Para este autor, que opta por una perspectiva
etnosociológica, es menester asimilar las técnicas de observación propias de
la tradición etnográfica, no sin dejar de velar en el trabajo de campo por trascender
la dimensión descriptiva de la etnografía con apoyo en la dimensión
diacrónica. Así es vista desde la perspectiva etnosociológica la potencia de
los relatos de vida (Bertaux, 2005):
El recurso a los relatos de vida enriquece de
manera considerable esta perspectiva proporcionándole en concreto lo que le
falta a la observación directa, concentrada demasiado exclusivamente en las
interacciones cara a cara: una dimensión diacrónica que permite captar la
lógica de la acción en su desarrollo biográfico, y la configuración de las
relaciones sociales en su desarrollo histórico (reproducción y dinámica de
transformación). Por el contrario, la perspectiva etnosociológica lleva a
orientar los relatos de vida hacia la forma de relatos de prácticas en
situación, en los que prevalece la idea de que a través de los usos se pueden
comenzar a comprender los contextos sociales en cuyo seno han nacido y a los
que contribuyen a reproducir o a transformar (p. 11).
Ninguna otra obra como Los hijos de
Sánchez pudo tener tanta influencia en los trabajos sociológicos de la
segunda mitad del siglo pasado, al punto de lograr cambiar la brújula de la
investigación, según admite el propio Bertaux. Los hijos de Sánchez de
Oscar Lewis (1961), es el resultado de una investigación antropológica
localizada en el barrio Bella Vista del centro de ciudad México a finales de
los años cincuenta del siglo pasado, cuya divulgación suscitó una intensa
controversia con efectos políticos, toda vez que el mismo cuerpo directivo de
la Sociedad Mexicana de Geografía y Estadística intentó encausar un juicio en
contra de la obra calificada de “obscena y denigrante”; no obstante, la Procuraduría
General de México se abstuvo de iniciar acción penal alguna, a la vez que
ratificaba la vigencia de los principios republicanos de libertad de
pensamiento y de expresión.
Entre las novedades de la obra cabe
destacar, desde el prólogo mismo, el saludo exultante al nuevo artefacto tecnológico,
la grabadora o magnetófono, un adminículo que hace posible captar al instante,
conservar y reproducir las voces de los actores participantes en las
situaciones. Además de ello, se hace constar el hecho significativo que
representa conceder la voz a los protagonistas de la historia que relatan sus
propias “vidas minúsculas”, las vidas de habitantes por siempre “ninguneados”

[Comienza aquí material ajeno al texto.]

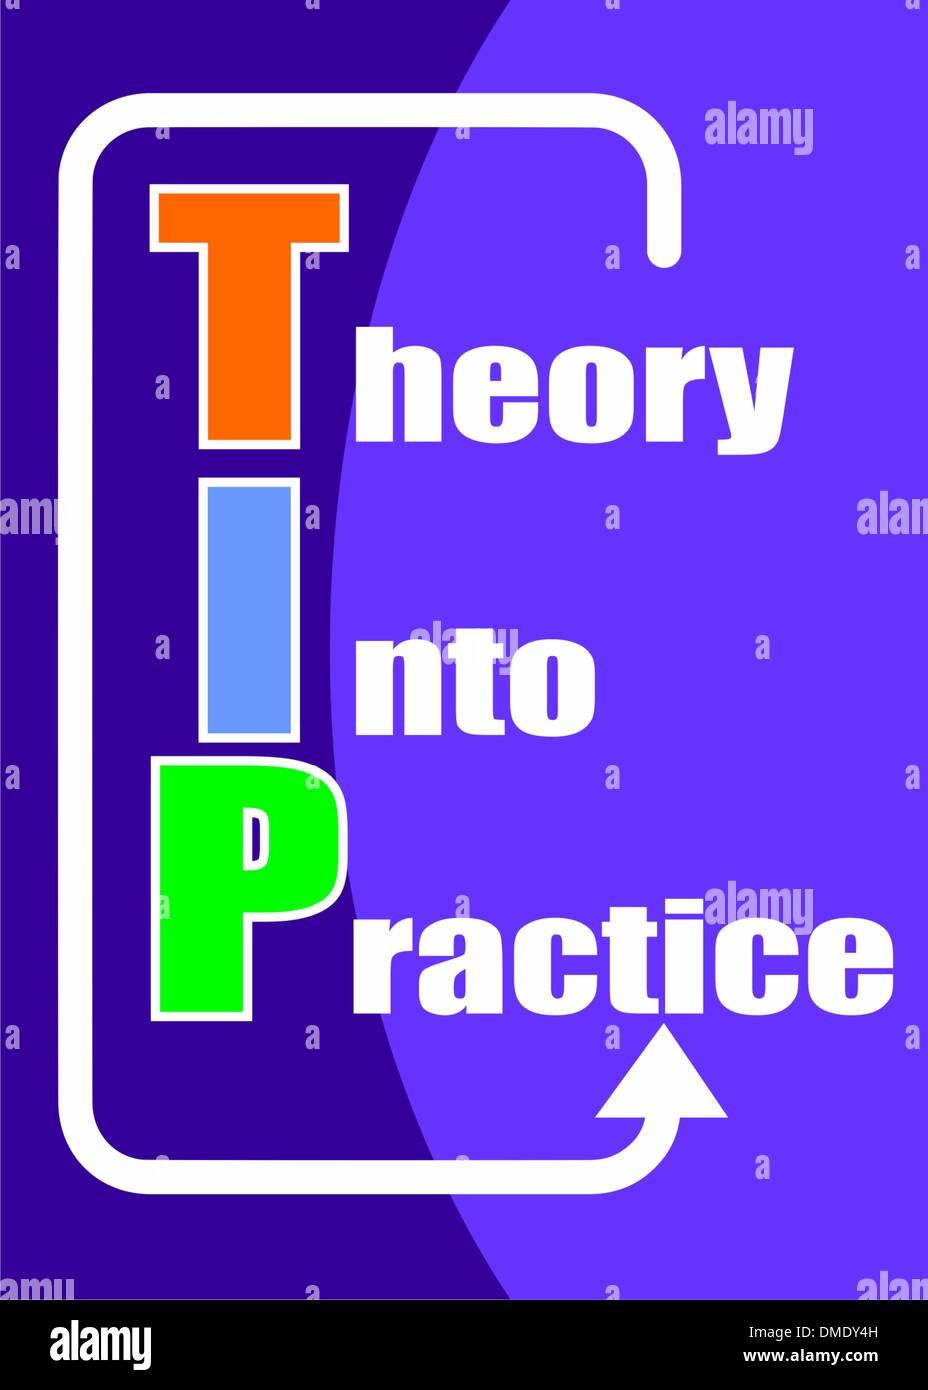 Theory into practice - TIP acronym - Stock Image

en un barrio miserable del centro de la metrópoli. Con el uso de novedosas
técnicas e instrumentos de recolección de datos en el trabajo de campo, los
resultados proporcionan el cuadro monumental de una “antropología de la
pobreza”, al punto de poder distinguir alrededor de cuarenta conceptos
distintos de pobreza, así como también sirven a la recomposición a escala de
los lazos que se tejen en el espacio vital cotidiano y en la trama de
relaciones de adhesión personal que configuran la estructura social mexicana.
En esto consiste la apuesta metodológica de Oscar Lewis (1961): que una
pequeña historia potencialmente sea reveladora del conjunto social, en la
medida de hacer posible mostrar las relaciones de interdependencia existentes
entre la estructura mayor, o la sociedad en conjunto, y la estructura menor,
como puede ser una familia, un barrio o un aula de clase determinada.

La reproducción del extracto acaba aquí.